# [Data provided]

####

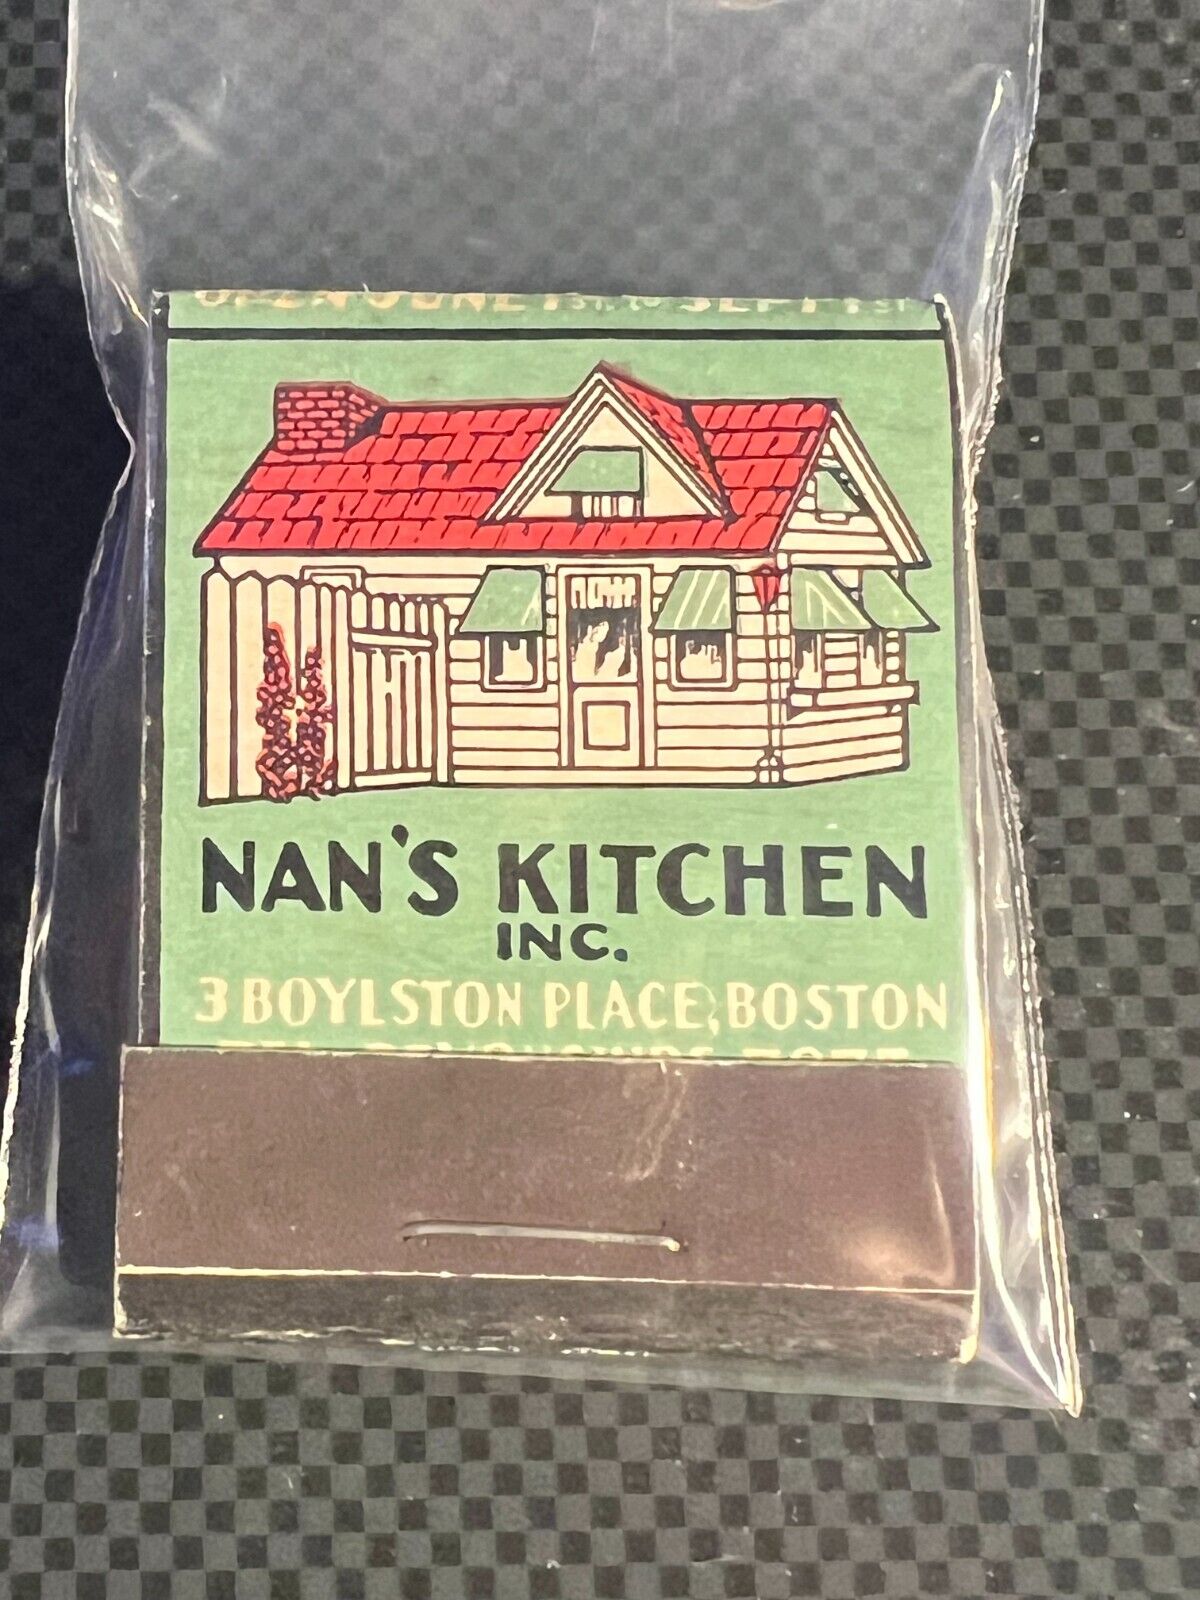 VINTAGE MATCHBOOK - NAN'S KITCHEN INC. - 3 BOYLSTON PLACE, BOSTON - UNSTRUCK
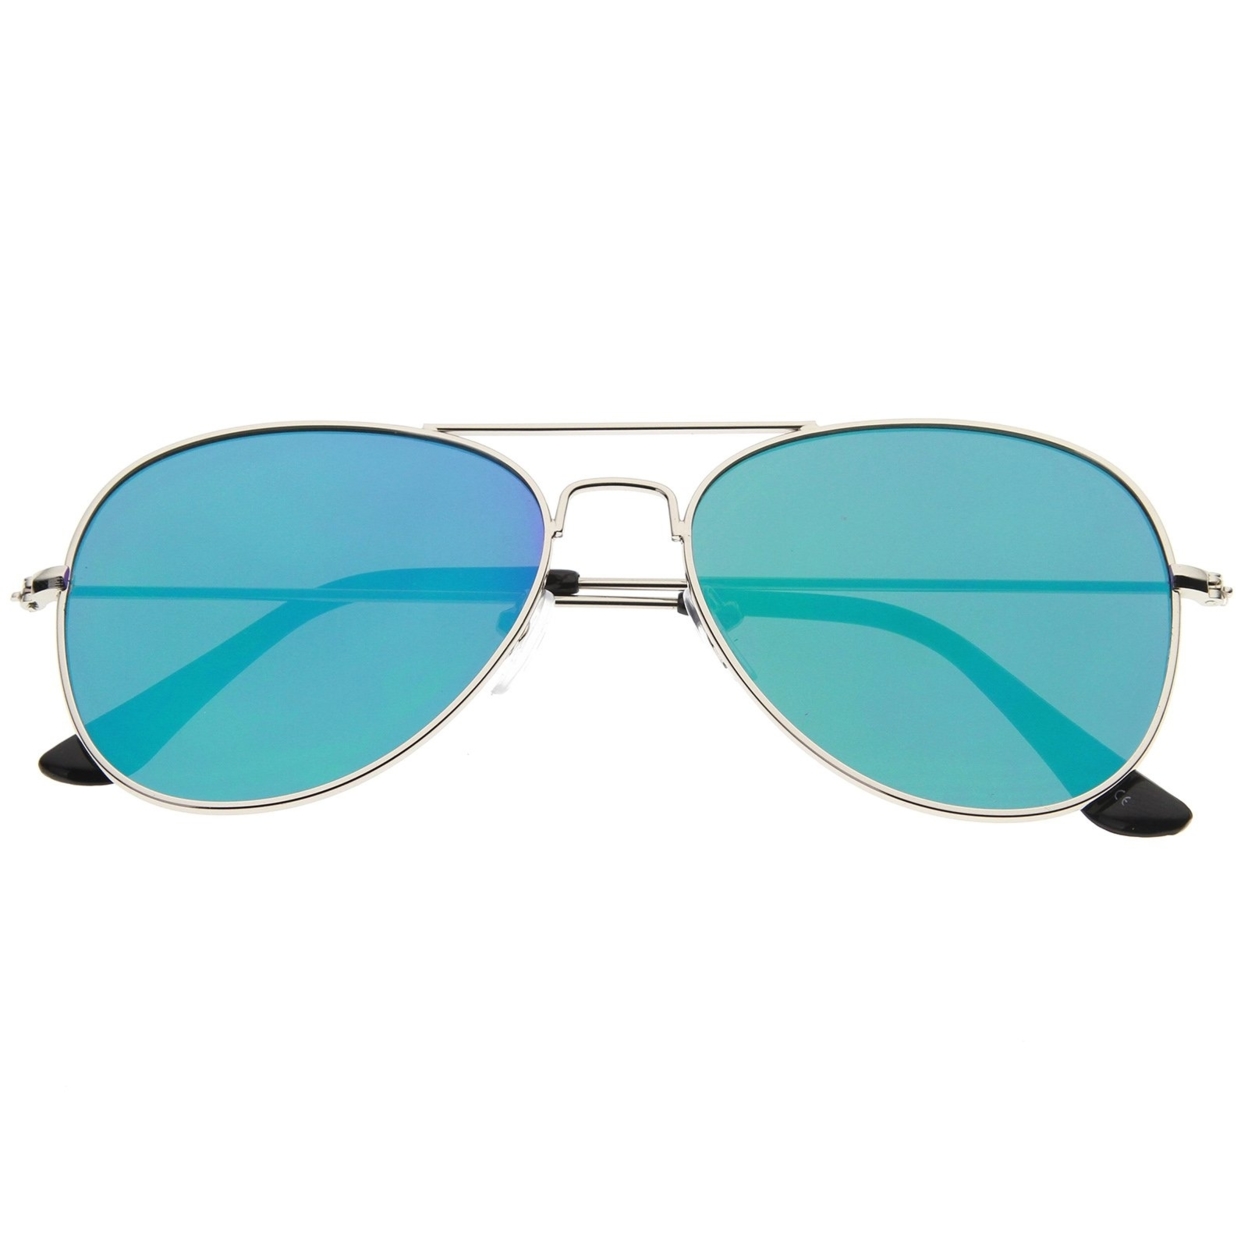 Classic Teardrop Full Metal Flash Mirrored Flat Lens Aviator Sunglasses 59mm - Silver / Blue
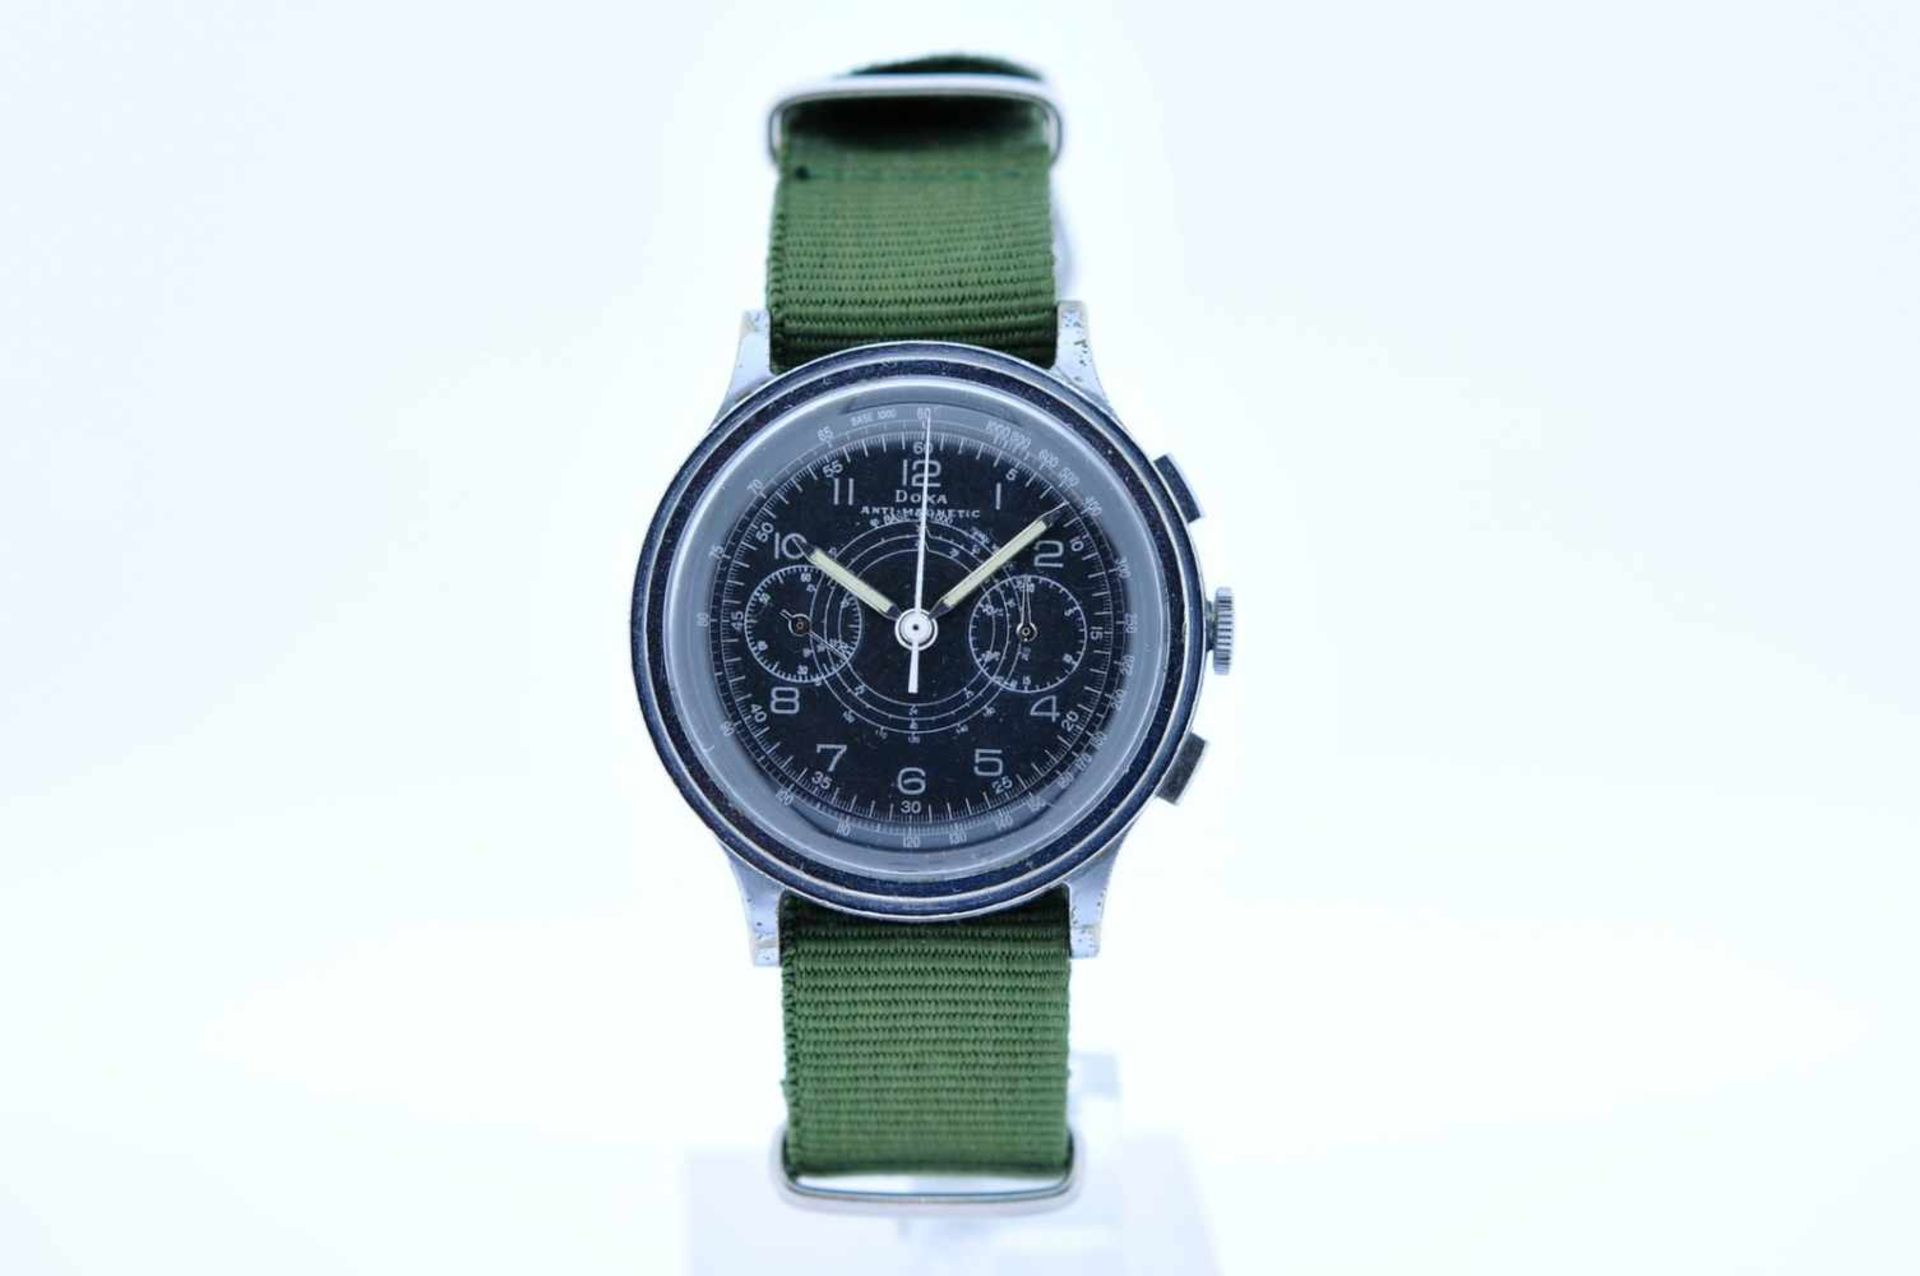 Doxa Edelstahl Armbanduhr an Textilband, Doxa Anti-Magnetic, Fliegerchronograph, Stoppfunktion, - Image 2 of 3
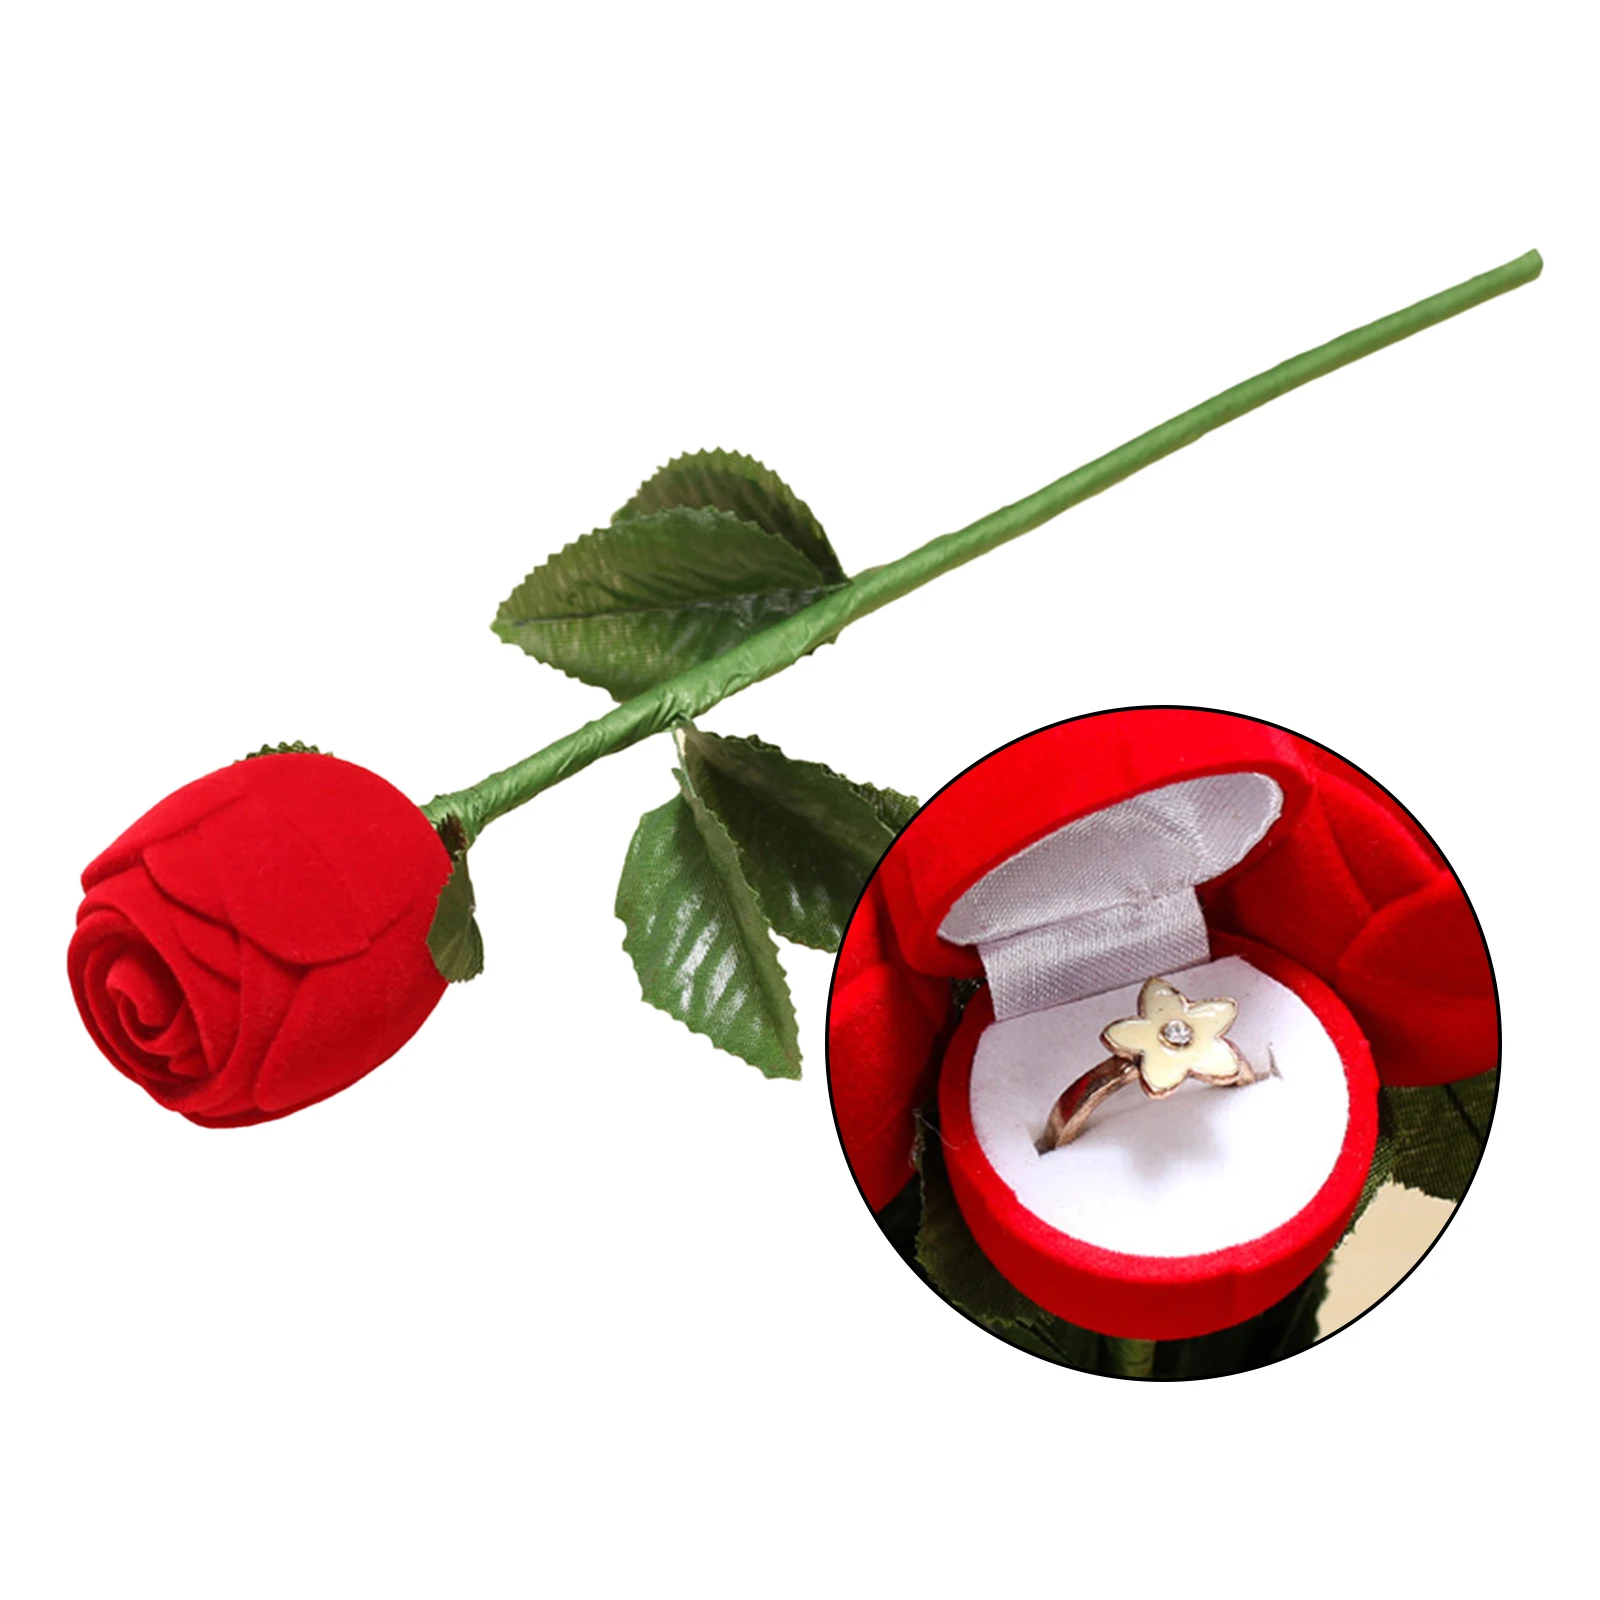 Red Rose Jewelry Box Bottom with Green Leaf Velvet Flannelette Engagement Wedding Ring Gift Case Display Holder

####

# [Exercise description]
Copy only this, please: the line with "Classic Teardrop Full" and every line after it through the end of the data, with no pictures.

# [Response below]
 Classic Teardrop Full Metal Flash Mirrored Flat Lens Aviator Sunglasses 59mm - Silver / Blue
 Doxa Edelstahl Armbanduhr an Textilband, Doxa Anti-Magnetic, Fliegerchronograph, Stoppfunktion, - Image 2 of 3
 Red Rose Jewelry Box Bottom with Green Leaf Velvet Flannelette Engagement Wedding Ring Gift Case Display Holder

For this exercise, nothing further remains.